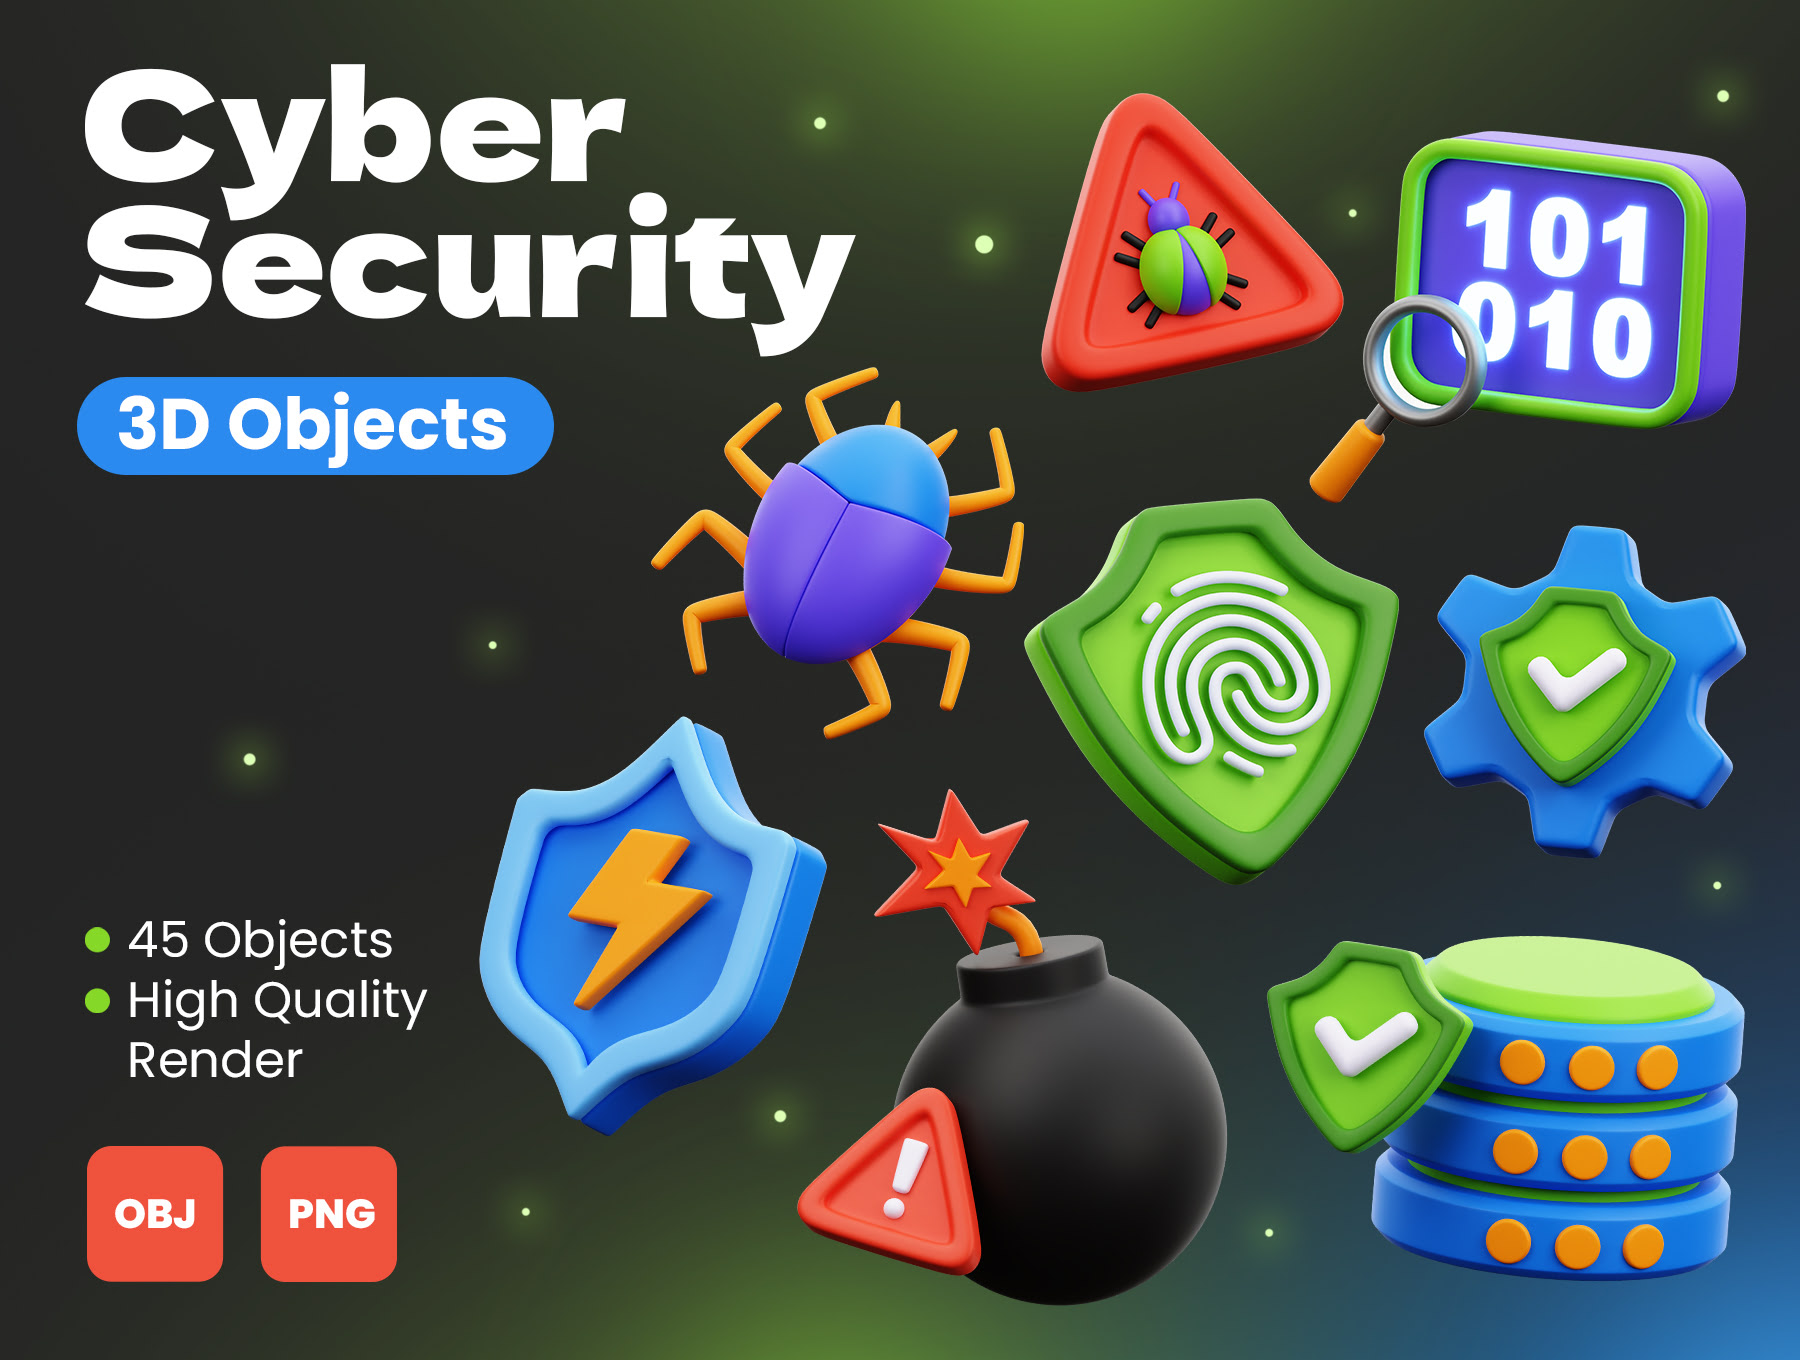 网络安全3D对象 Cyber Security 3D Objects png, obj, glb格式-3D/图标-到位啦UI
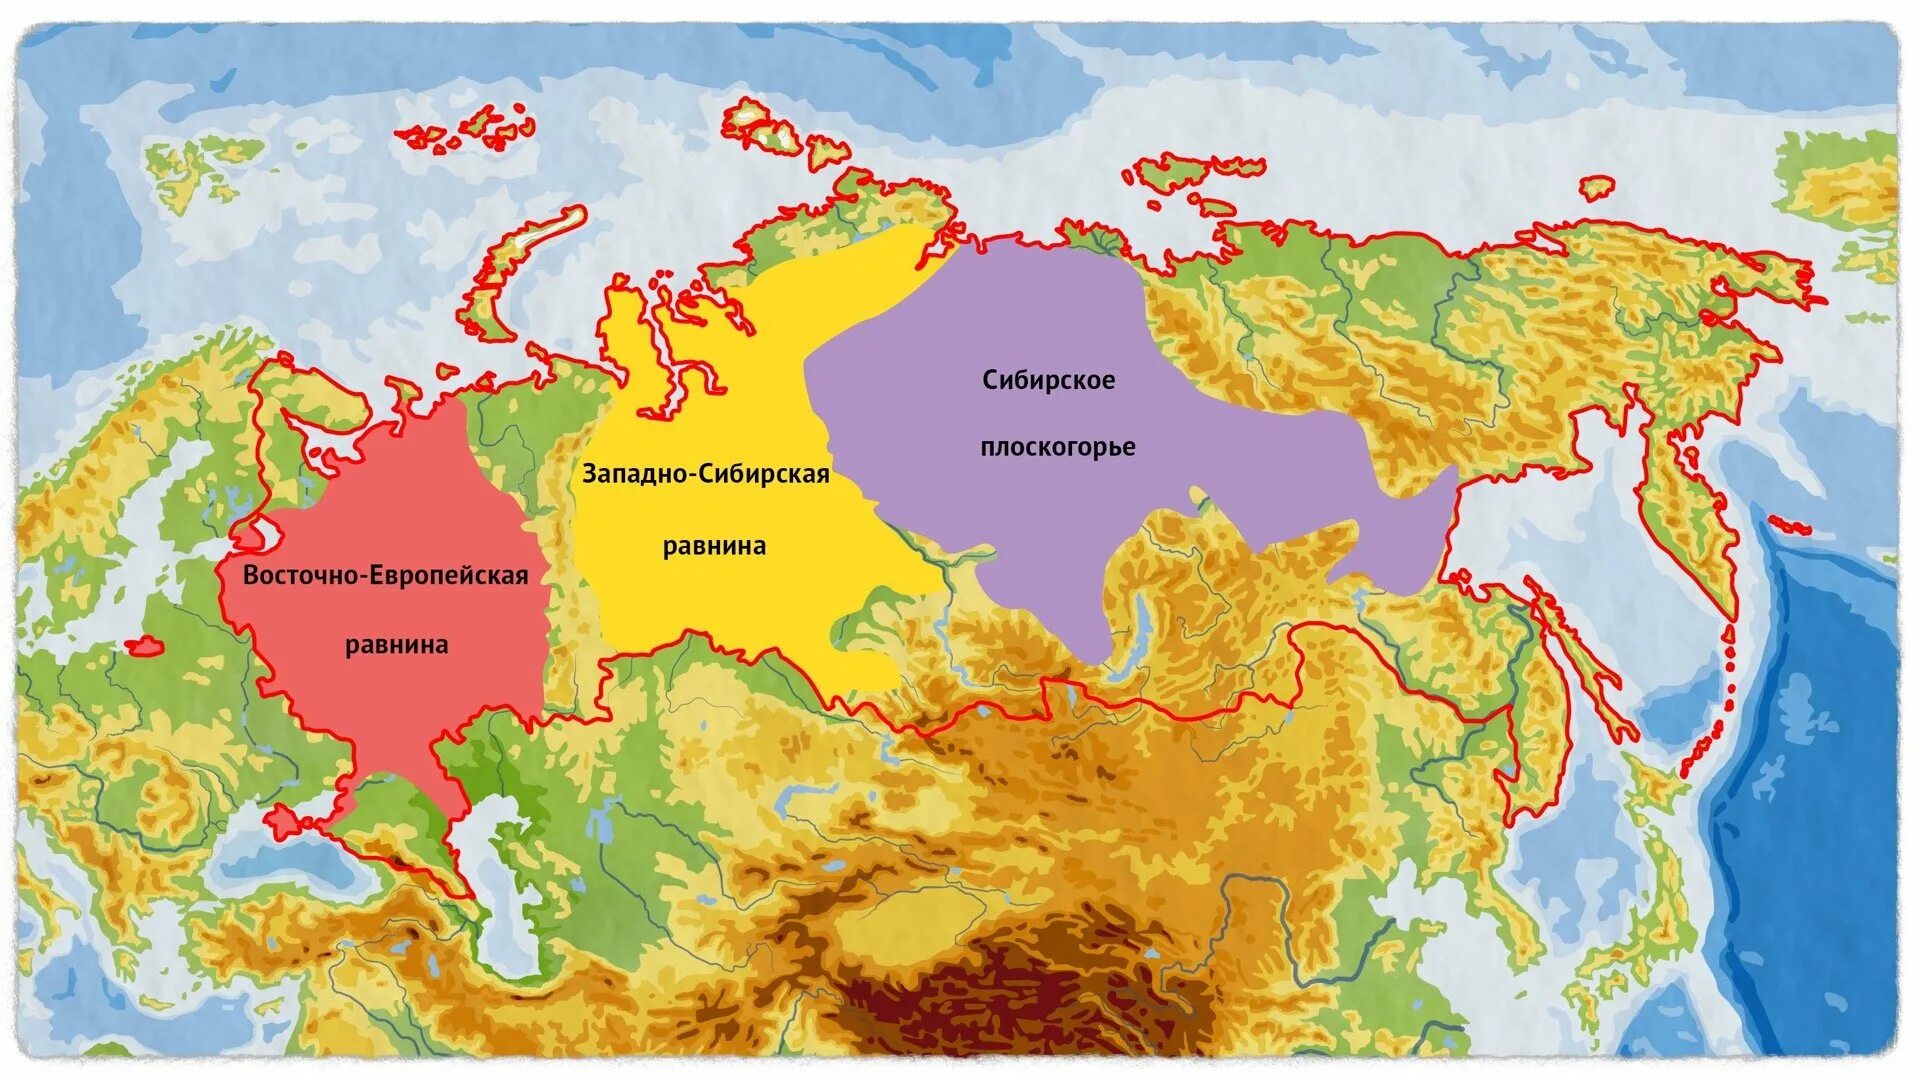 Восточной-европейская ра Внина карта Евразии. Восточно европейская низменность на карте Европы. Восточно-европейская низменность на карте России. Восточно-европейская равнина на карте Европы.
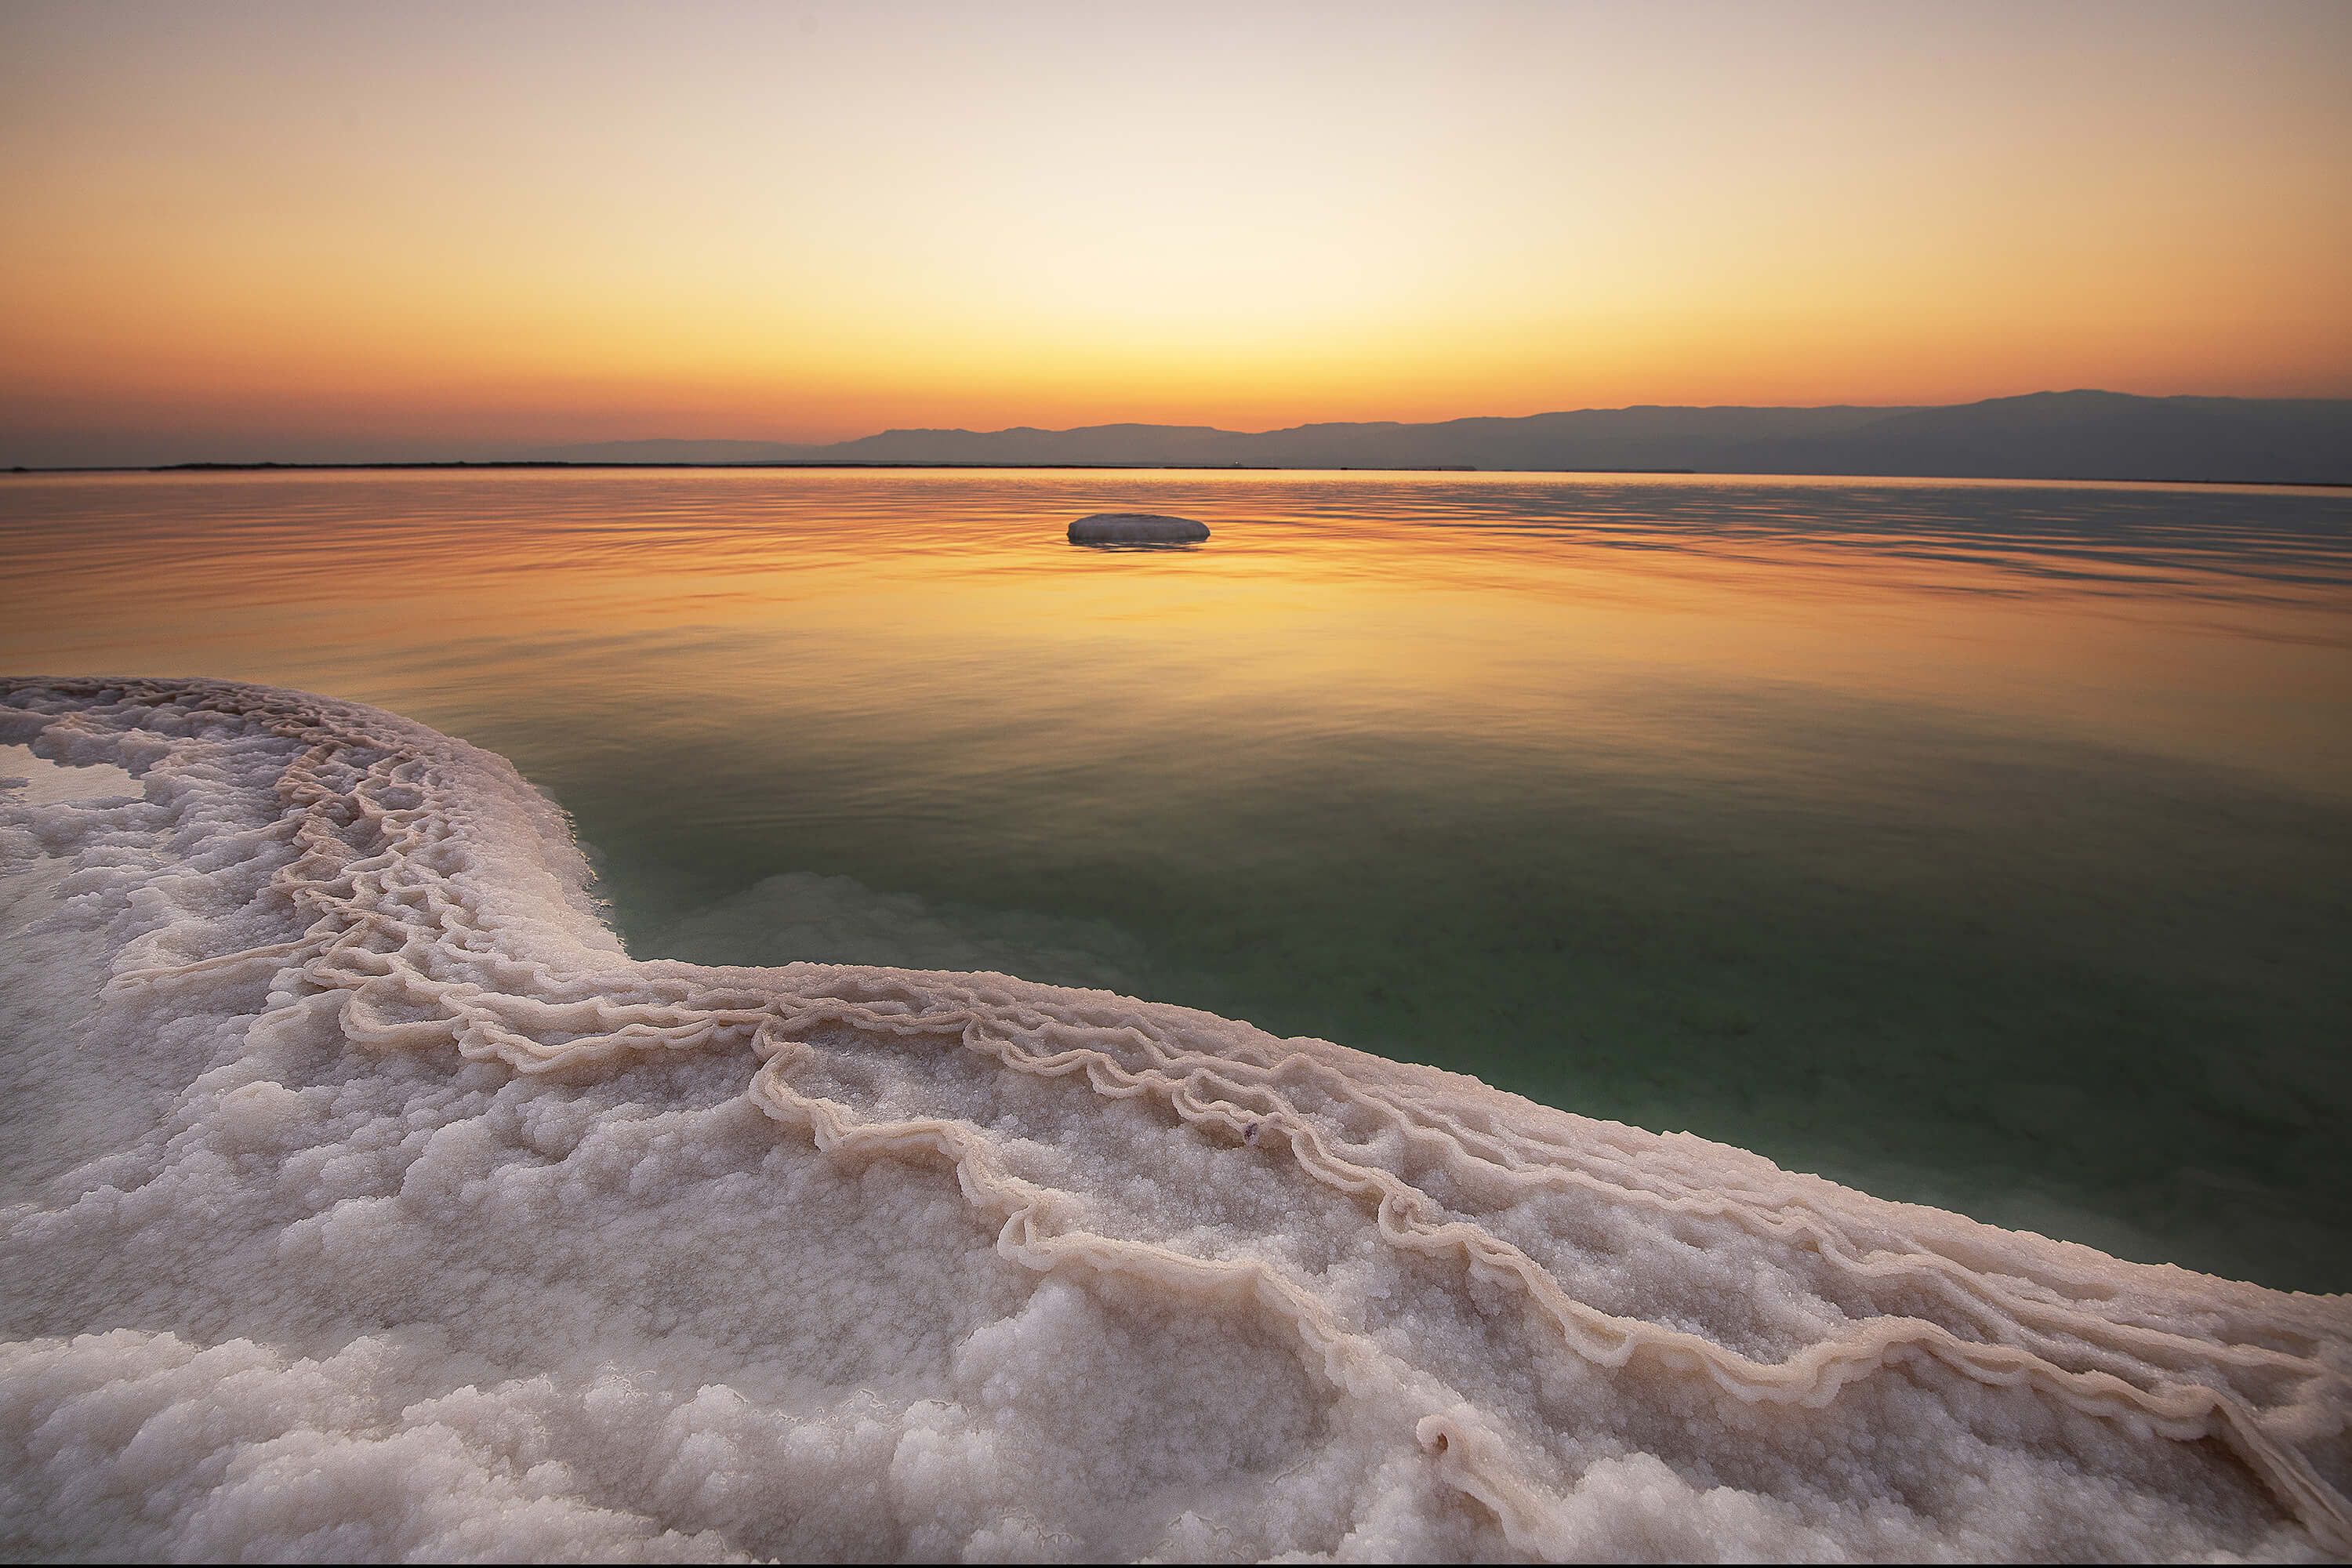  Dead Sea

========================================================================

Work to complete —
Exactly as given, transcribe every line of the data, but not its images.

Written solution —
 网络安全3D对象 Cyber Security 3D Objects png, obj, glb格式-3D/图标-到位啦UI
 Восточной-европейская ра Внина карта Евразии. Восточно европейская низменность на карте Европы. Восточно-европейская низменность на карте России. Восточно-европейская равнина на карте Европы.
  Dead Sea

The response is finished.